Hospital-acquired infection (HAI), in which disease can be transmitted by direct or indirect contact, or by air, even over large distances, or by a combination of both transmission modalities, is an important public health issue with unacceptable levels of morbidity and mortality. Although contact transmission of disease causes the majority of HAI cases, control of transmission via air is more difficult, but one where engineering can play an important role in limiting the spread of disease [3, 4].
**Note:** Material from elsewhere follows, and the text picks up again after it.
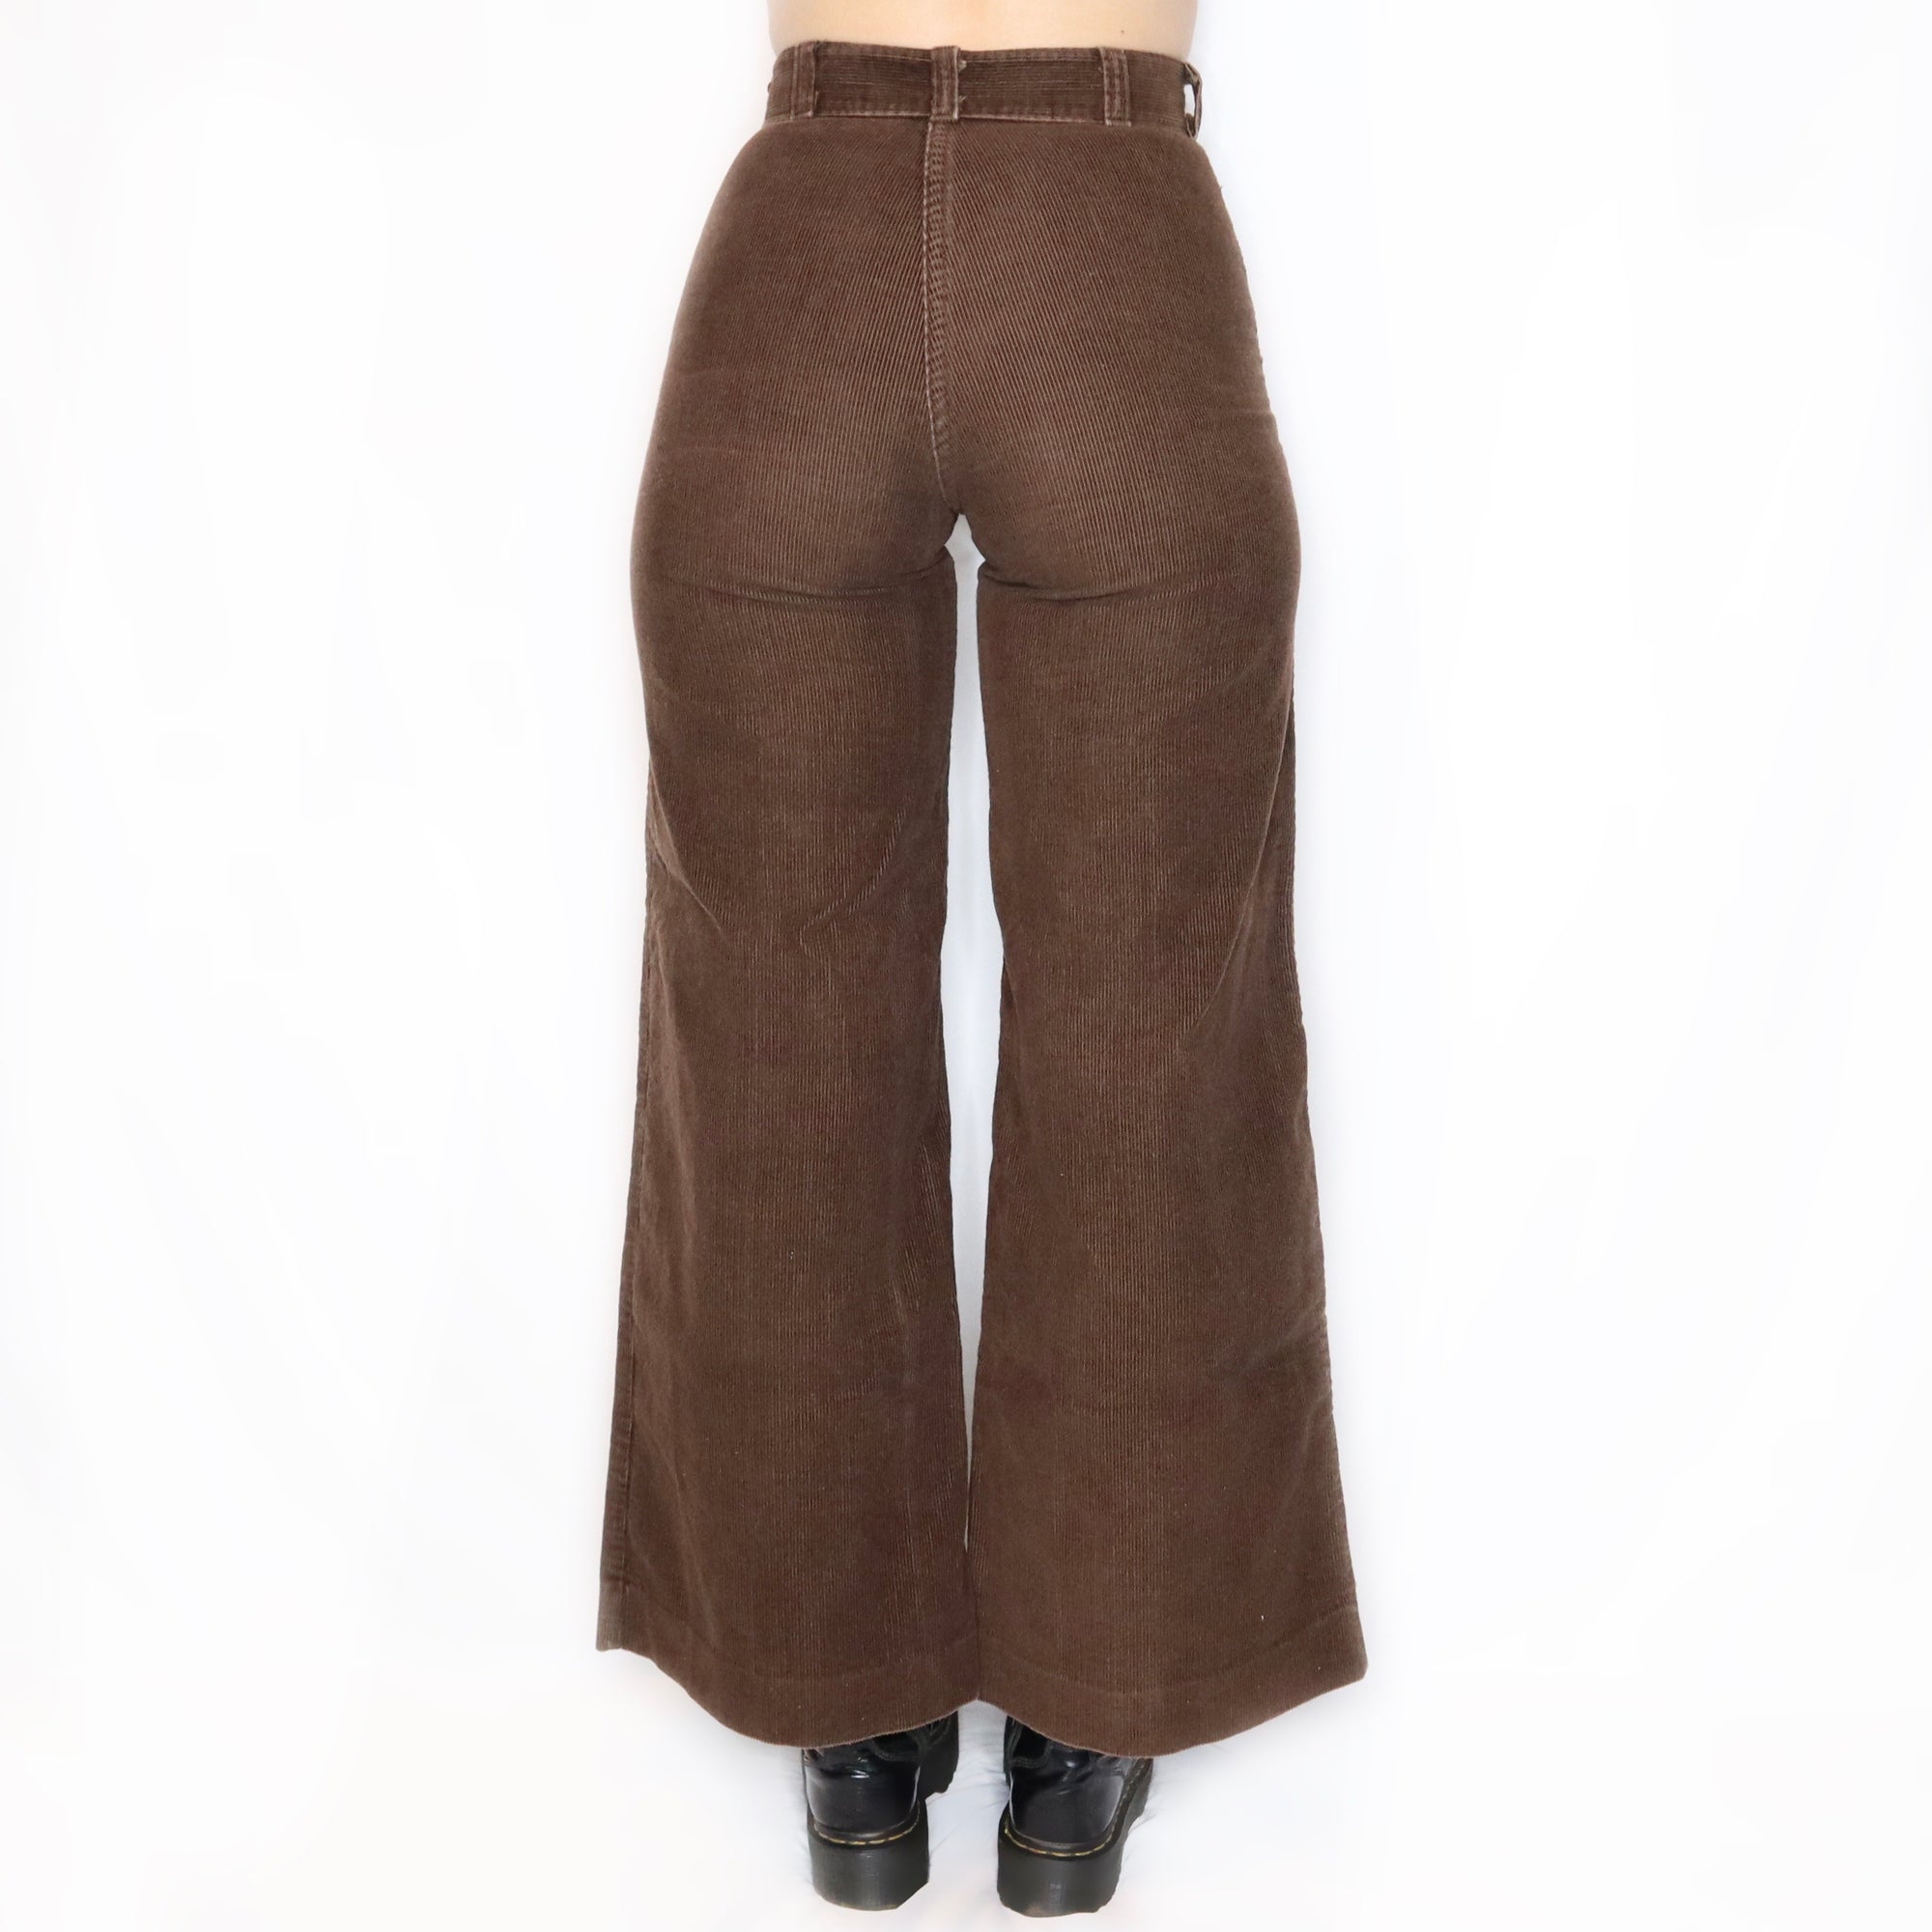 Rare Vintage 70s Brown Corduroy High Waisted Bell Bottom Pants

Tuberculosis (TB) is an important global concern for public health particularly with the emergence of multidrug-resistant (MDR) TB and extensively drug-resistant (XDR) TB. Hospitals and health care facilities can be substantial sources for the spread of TB. Many environmental interventions to control TB are also considered to apply to viral and bacterial infections with airborne potential. The current state of available environmental interventions has been summarized [5]. Overcrowded health-care environments and poorly ventilated inpatient and outpatient settings in hospitals and clinics can facilitate the spread of airborne infections. Other measures of transmission control include the identification and isolation of patients with suspected cases of TB, a prompt effective treatment of positive infections, and ensuring patients adhere to medication (compliance). However, measures to identify and contain cases of TB infection do not guarantee that all patients with MDR/XDR TB will be secured for treatment. Other measures in health care facilities must be in place as a second line of defense, including adequate ventilation, temperature control, pest control, adequate air disinfection, and germicidal irradiation including upper room germicidal irradiation [5]. Hospitals also need a dedicated airborne infection isolation (AII) unit, because these units have been shown to improve efficiency in excluding patients suspected of having pulmonary TB [6].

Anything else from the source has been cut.